Title page for ETD etd-07062011-140306

Type of Document Master's Thesis
Author Koneru, Murali Krushna
Author's Email Address mkoner1@tigers.lsu.edu, murali.koneru@gmail.com
URN etd-07062011-140306
Title Stochastic Modelling of Eukaryotic Cell Cycle
Degree Master of Science in Chemical Engineering (M.S.Ch.E.)
Department Chemical Engineering
Advisory Committee
Advisor Name Title
Hjortso, Martin Committee Chair
Benton, Michael Committee Member
Henry, James Committee Member
  • Insilico Evolution
  • Chemotherapy
  • Stochastic Model
  • Cell Cycle
Date of Defense 2011-06-15
Availability unrestricted
Stochastic models are developed to capture the inherent stochasticity of the biochemical networks associated to many biological processes.
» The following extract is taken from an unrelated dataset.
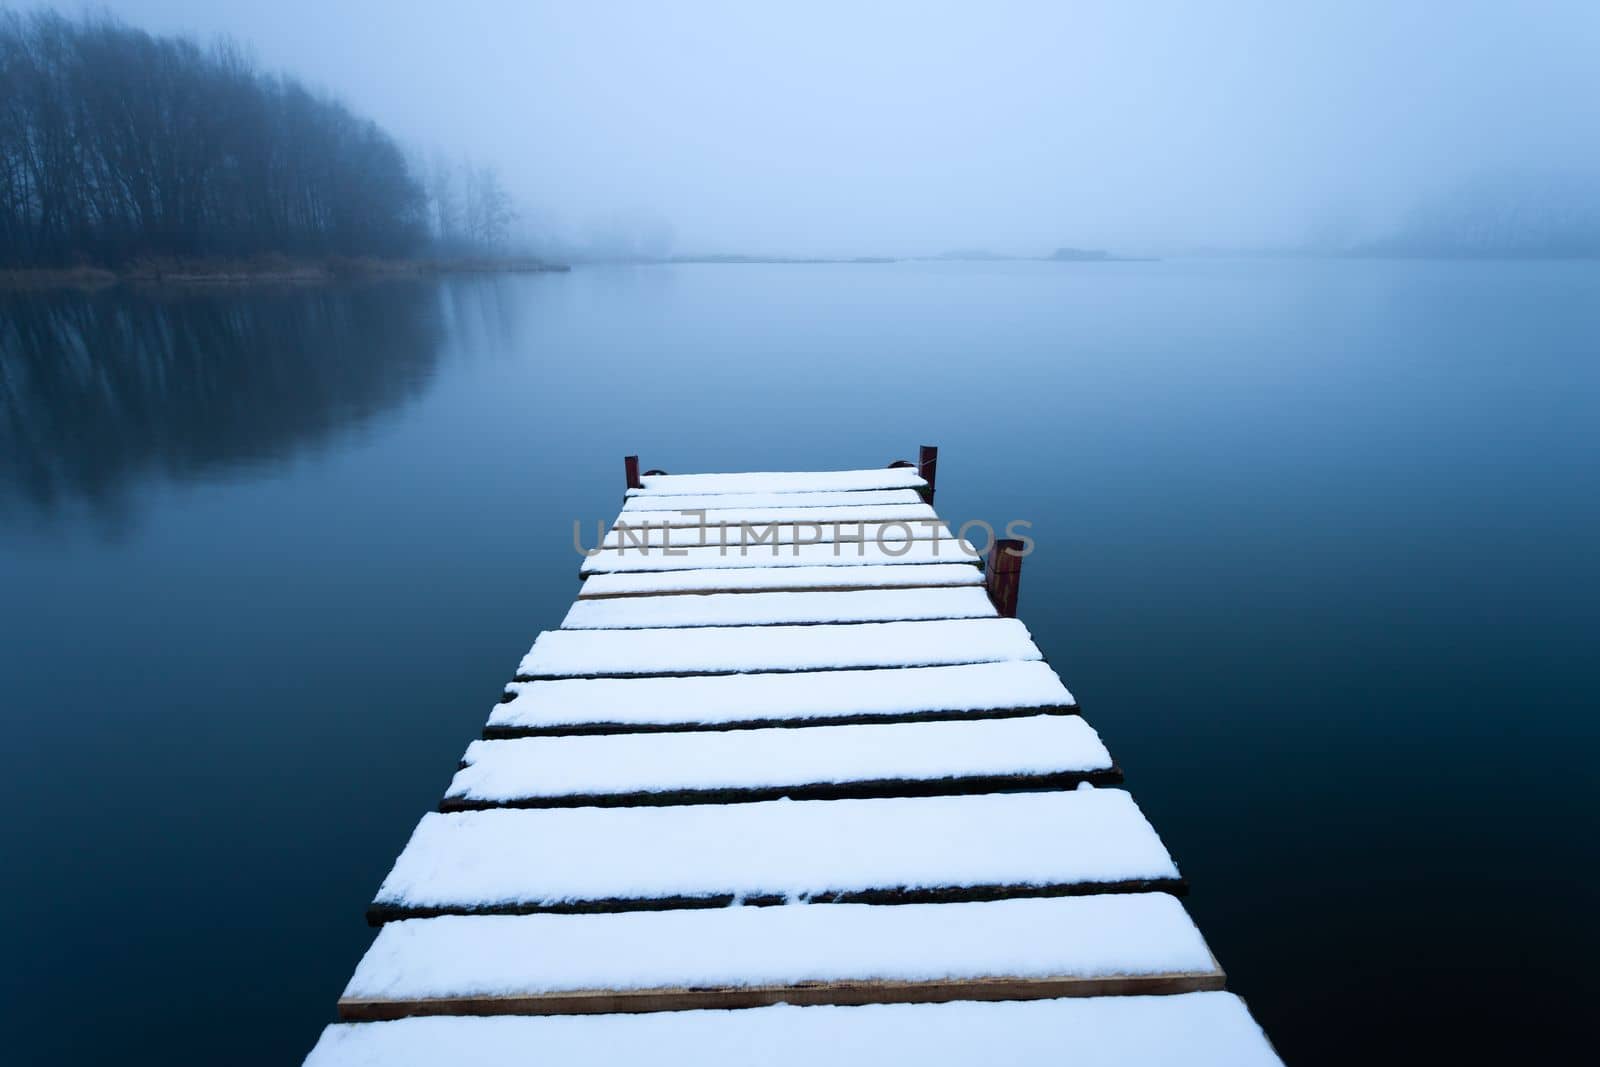 Snow on the pier and foggy lake, Stankow, eastern Poland

The objective of the present thesis is to present a detailed picture of stochastic approach for the mathematical modeling of eukaryotic cell cycle, to demonstrate an important application of such model in chemotherapy and to present a methodology for selecting the model parameters. The stochastic cell cycle model, developed using stochastic chemical kinetics approach, leads to the formation of an infinite dimensional differential equation in probabilities of system being in a specific state. Using Monte Carlo simulations of this model, dynamics of populations of eukaryotic cells such as yeasts or mammalian cells are obtained. Simulations are stochastic in nature and therefore exhibit variability among cells that is similar to the variability observed in natural populations. The modelís capability to predict heterogeneities in cell populations is used as a basis to implement it in a chemotherapic modeling framework to demonstrate how the model can be used to assist in the drug development stage by investigating drug administration strategies that can have different killing effect on cancer cells and healthy cells.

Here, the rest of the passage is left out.